This guide covers three integration approaches — from simple to powerful — so you can pick the right fit for your team.

The Three Integration Patterns

ApproachBest ForComplexity
dbt Cloud providerTeams already on dbt CloudLow
dbt CLI via BashOperatorQuick setup, simple pipelinesLow
Astronomer CosmosFull DAG-level visibility & controlMedium

Approach 1: dbt Cloud Provider

If your team uses dbt Cloud, the apache-airflow-providers-dbt-cloud package gives you first-class integration.

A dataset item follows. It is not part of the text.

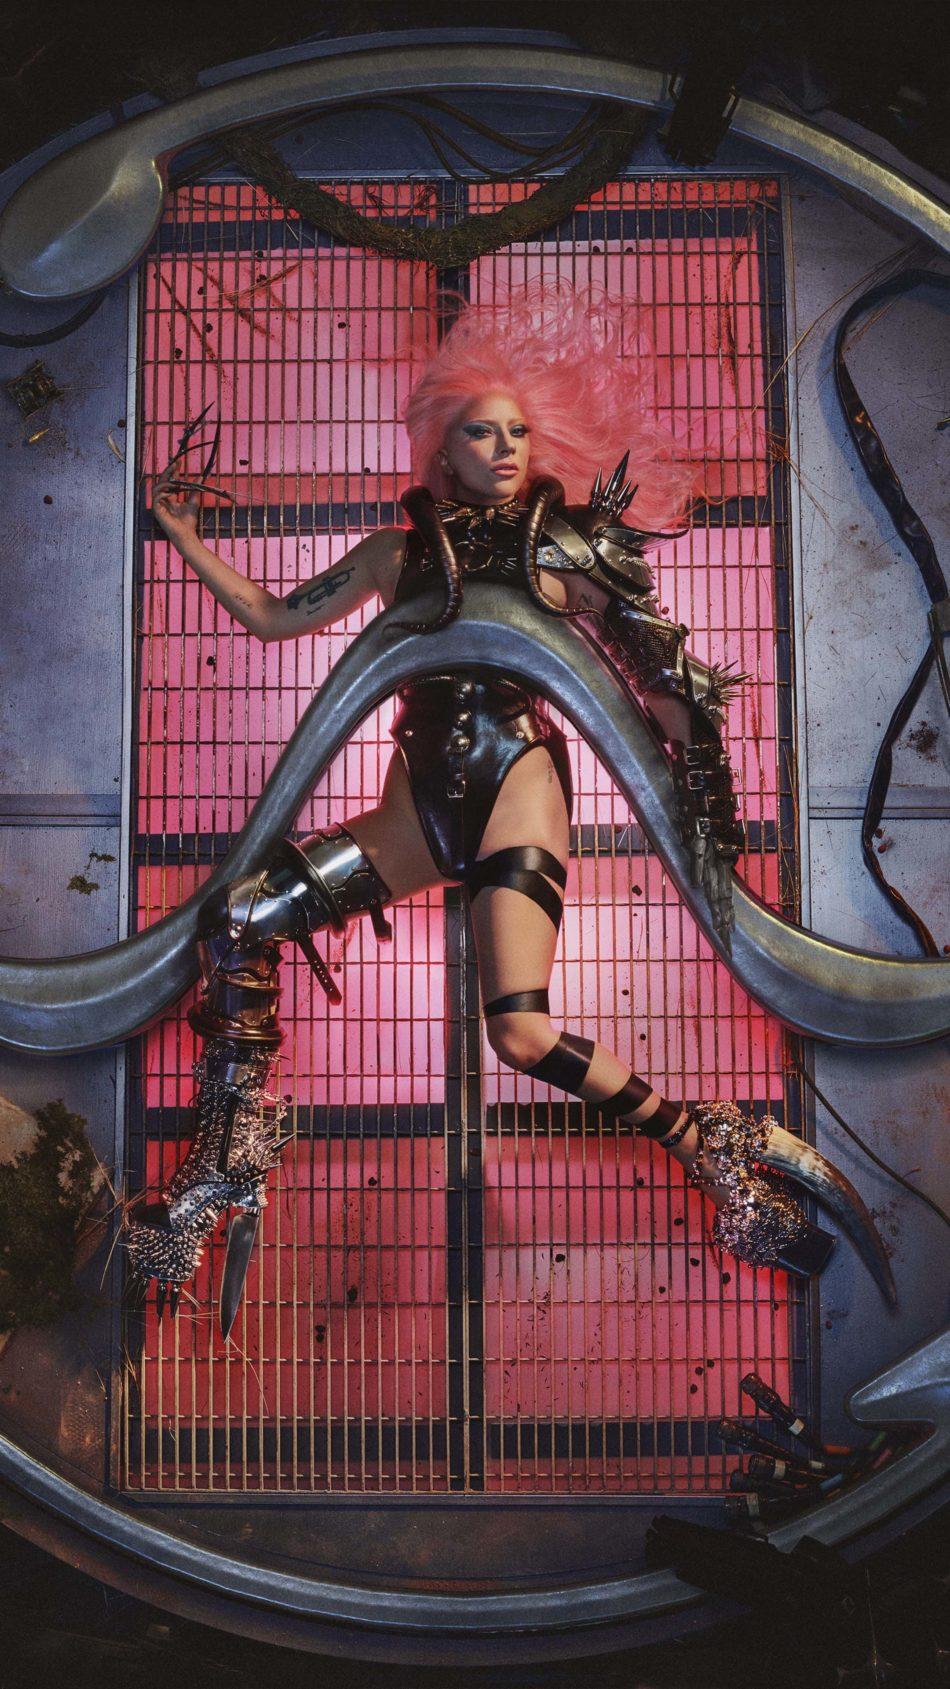 Lady Gaga Chromatica Photoshoot 4K Ultra HD Mobile Wallpaper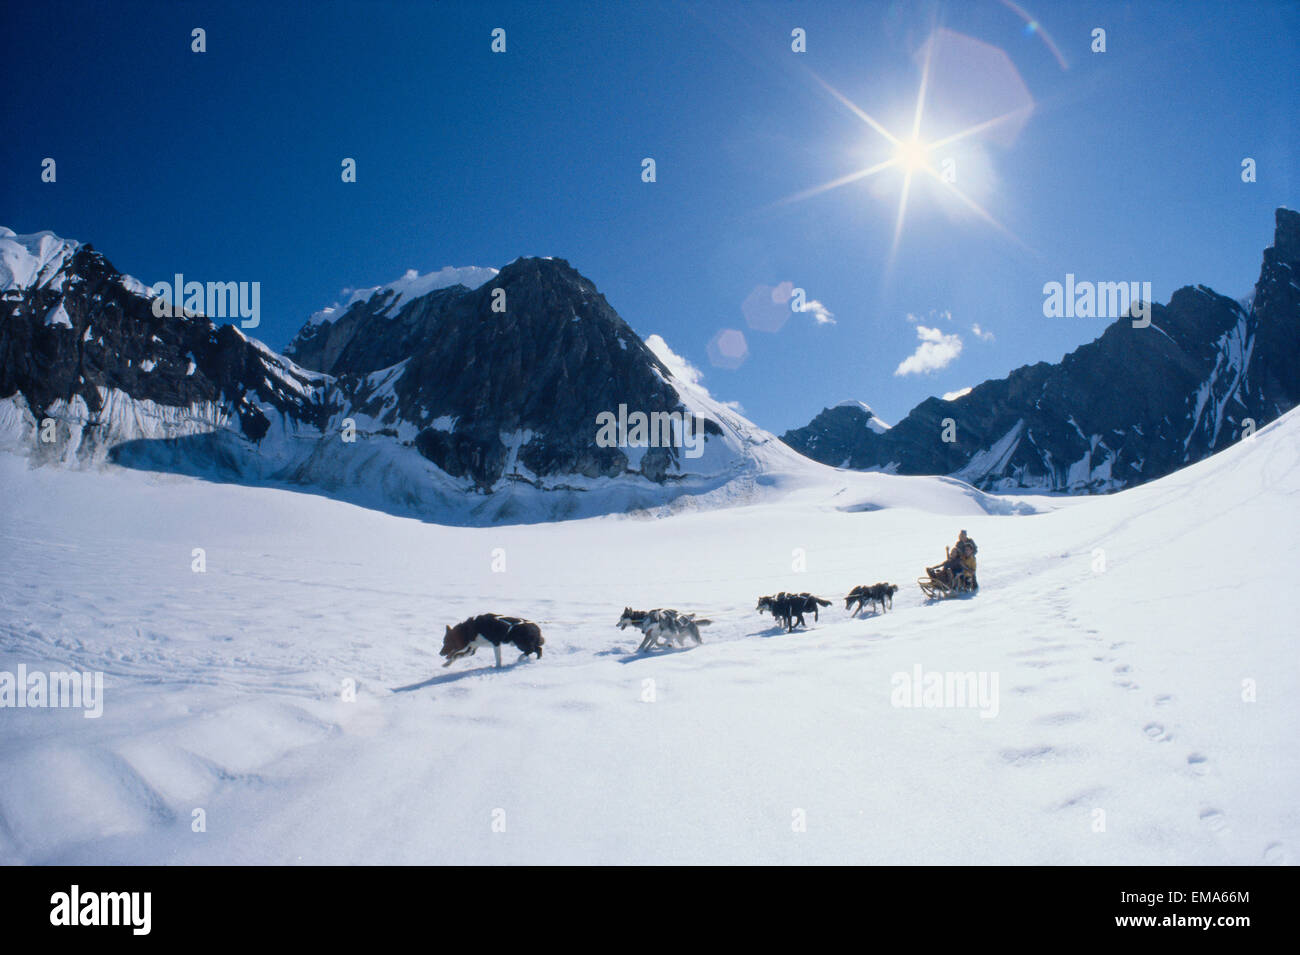 Alaska, Mt. Mckinley Area, Couple Dog Sledding In Snow, Mountains, Star Filter Sun - Stock Image

pip install apache-airflow-providers-dbt-cloud
dags/dbt_cloud_dag.py
from datetime import datetime, timedelta
from airflow.decorators import dag
from airflow.providers.dbt.cloud.operators.dbt import (
    DbtCloudRunJobOperator,
    DbtCloudGetJobRunArtifactOperator,
)
from airflow.providers.dbt.cloud.sensors.dbt import DbtCloudJobRunSensor
 
 
@dag(
    dag_id="dbt_cloud_pipeline",
    schedule="@daily",
    start_date=datetime(2024, 1, 1),
    catchup=False,
    default_args={
        "retries": 1,
        "retry_delay": timedelta(minutes=5),
        "dbt_cloud_conn_id": "dbt_cloud_default",
    },
)
def dbt_cloud_pipeline():
    """
    Trigger a dbt Cloud job and wait for completion.
    Uses async deferrable operator to free up the worker slot.
    """
 
    # Trigger the dbt Cloud job
    trigger_job = DbtCloudRunJobOperator(
        task_id="trigger_dbt_job",
        job_id=12345,             # Your dbt Cloud job ID
        check_interval=10,        # Poll every 10s
        timeout=3600,             # Fail after 1 hour
        # Optionally override job settings:
        # additional_run_config={"threads_override": 8},
        deferrable=True,          # Uses Triggerer — non-blocking
    )
 
    # Download the manifest for lineage tracking
    get_manifest = DbtCloudGetJobRunArtifactOperator(
        task_id="get_manifest",
        run_id=trigger_job.output,
        path="manifest.json",
        output_file_name="/tmp/dbt_manifest.json",
    )
 
    trigger_job >> get_manifest
 
 
dbt_cloud_pipeline()

Set up the connection:

# In Airflow UI: Admin → Connections → Add
# Or via environment variable:
export AIRFLOW_CONN_DBT_CLOUD_DEFAULT='dbt-cloud://:your-api-token@/your-account-id'

Approach 2: dbt CLI via BashOperator

For teams using dbt Core (self-hosted), the simplest integration is running dbt commands directly.

dags/dbt_bash_dag.py
import os
from datetime import datetime, timedelta
from airflow.decorators import dag, task
from airflow.operators.bash import BashOperator
 
DBT_DIR = "/opt/airflow/dbt"       # Path to your dbt project
DBT_PROFILES_DIR = "/opt/airflow/.dbt"  # Profile dir with credentials
 
DBT_CMD = f"cd {DBT_DIR} && dbt"
 
 
@dag(
    dag_id="dbt_bash_pipeline",
    schedule="@daily",
    start_date=datetime(2024, 1, 1),
    catchup=False,
    default_args={"retries": 1},
)
def dbt_bash_pipeline():
 
    dbt_deps = BashOperator(
        task_id="dbt_deps",
        bash_command=f"{DBT_CMD} deps --profiles-dir {DBT_PROFILES_DIR}",
    )
 
    dbt_run = BashOperator(
        task_id="dbt_run",
        bash_command=(
            f"{DBT_CMD} run "
            f"--profiles-dir {DBT_PROFILES_DIR} "
            f"--target prod "
            f"--vars '{{\"execution_date\": \"{{{{ ds }}}}\"}}'  "
        ),
    )
 
    dbt_test = BashOperator(
        task_id="dbt_test",
        bash_command=(
            f"{DBT_CMD} test "
            f"--profiles-dir {DBT_PROFILES_DIR} "
            f"--target prod "
        ),
    )
 
    # Only run tests after models succeed
    dbt_deps >> dbt_run >> dbt_test
 
 
dbt_bash_pipeline()

Limitation: The BashOperator approach gives you a single "dbt run" task. All models run inside it, so if one model fails, you can't retry just that model from Airflow. This is where Cosmos shines.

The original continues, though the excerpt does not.